# T-Shirts



## appalachianarbo (Jun 20, 2008)

I'm getting new shirts made. Any pointers you can give me? Cotton? Cotton-poly blend? Screen printing? Art setup fees? Brand of shirt?

Any help you can give me is appreciated.

Thanks


----------



## mckeetree (Jun 21, 2008)

First off stay away from T-shirts.


----------



## appalachianarbo (Jun 21, 2008)

What do you recommend? Suit and tie or no shirt at all?


----------



## mckeetree (Jun 21, 2008)

appalachianarbo said:


> What do you recommend? Suit and tie or no shirt at all?

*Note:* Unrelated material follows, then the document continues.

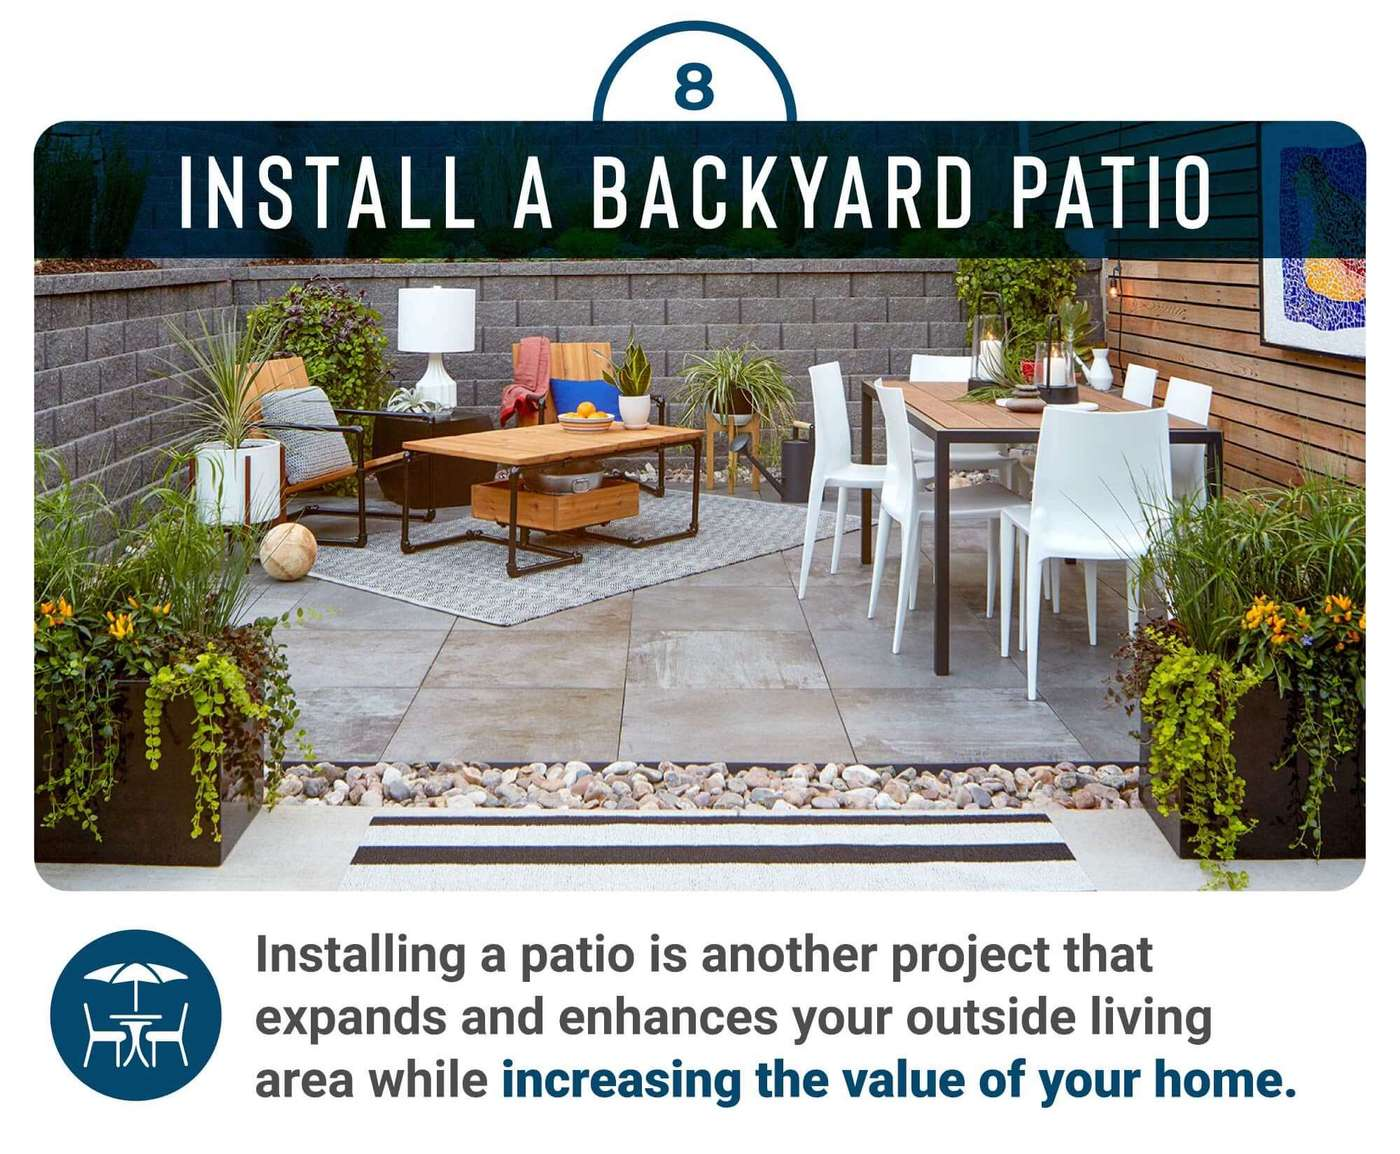 Install a backyard patio
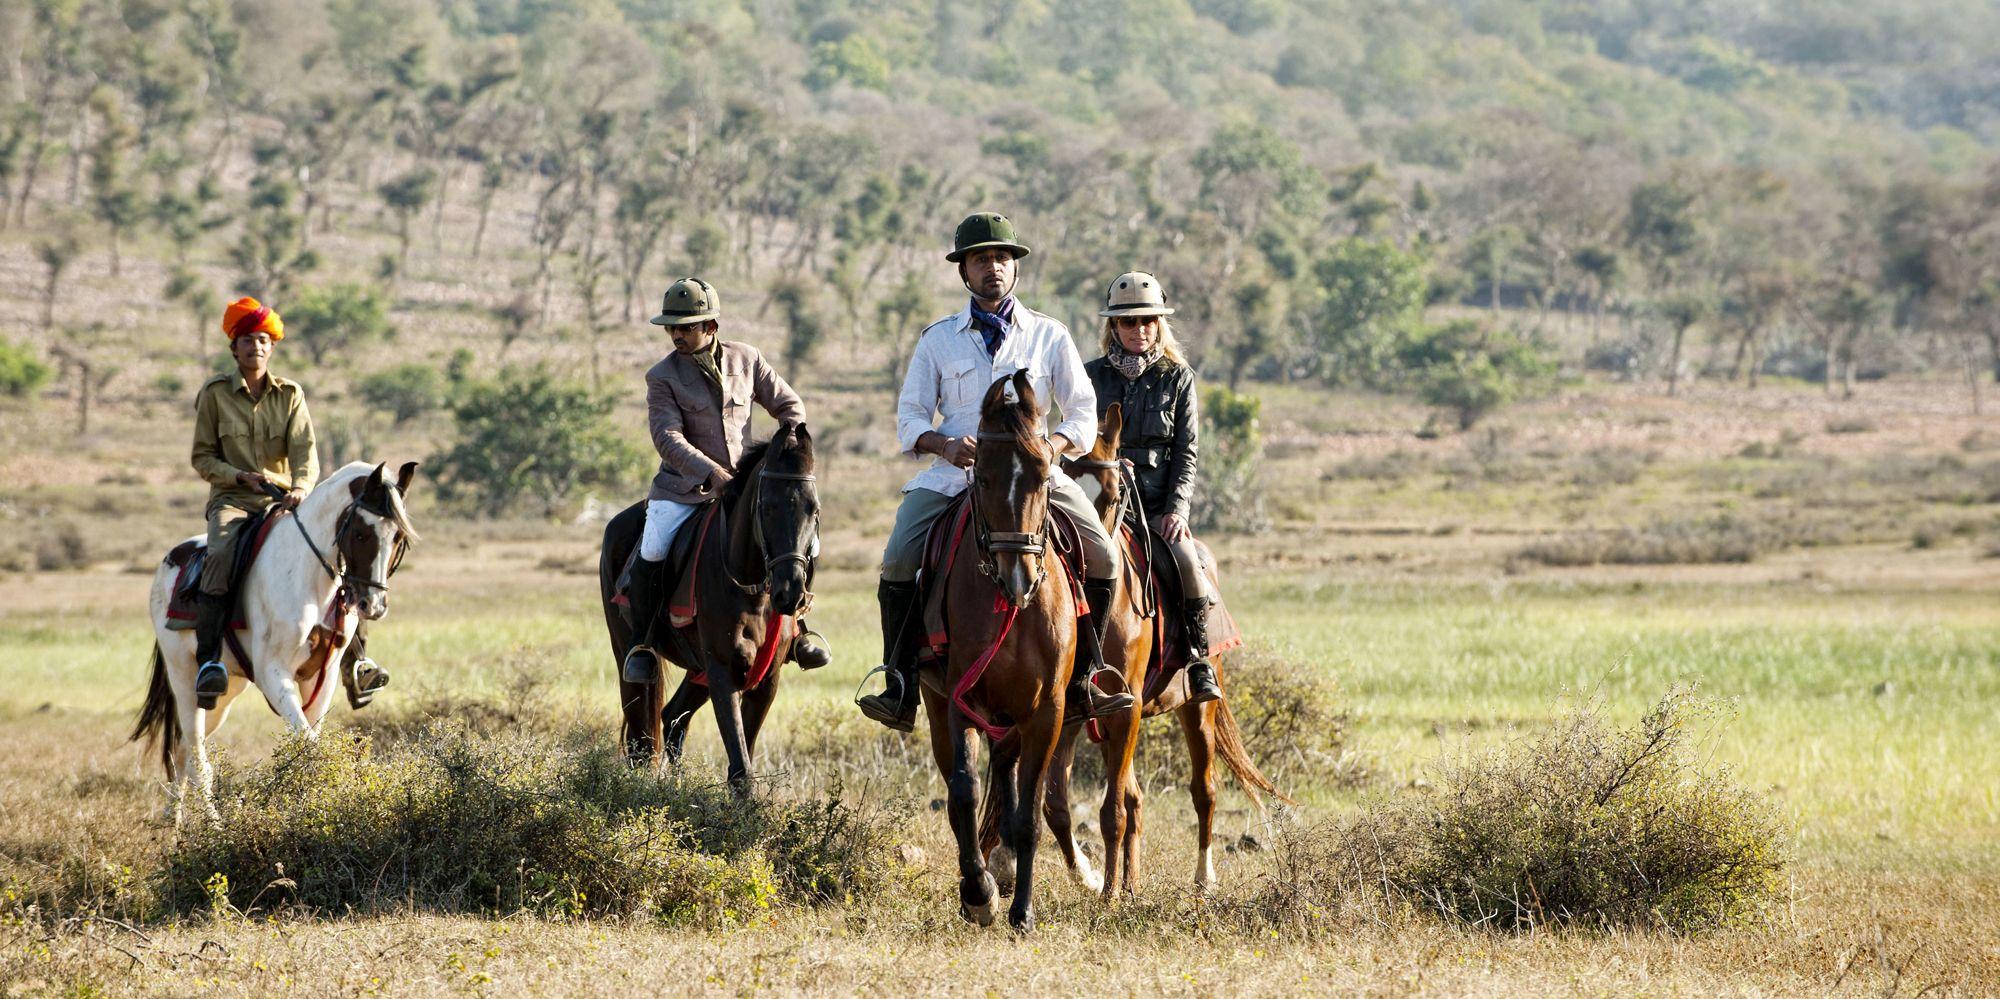 Bijaipur Tours Horses Small Group Tours Safari

Ha ha. No, what I recommend is thin button up shirts with a 65/35 polyester-cotton blend. The are way cooler, dry quicker, much tougher and they look better. Ain't nothin hotter than a dang T-shirt. We have ours embroidered with our logo and instantly look less like riff raff.


----------



## appalachianarbo (Jun 21, 2008)

I'm open to anything. Do you have a pic? How do they hold up to abuse? What's the price like compared to tees? Thanks


----------



## ClimbinArbor (Jun 21, 2008)

i like that mckee.

now im thinking of getting some nice khaki like lightweight ones.

thx


----------



## mckeetree (Jun 21, 2008)

appalachianarbo said:


> I'm open to anything. Do you have a pic? How do they hold up to abuse? What's the price like compared to tees? Thanks



Google Red Kap Industries. That is where I get ours.


----------



## southsoundtree (Sep 22, 2008)

shop around. Prices vary greatly. Get a look at the actual shirt, in your hands, before getting any custom printing done. Look some of their finished products.


----------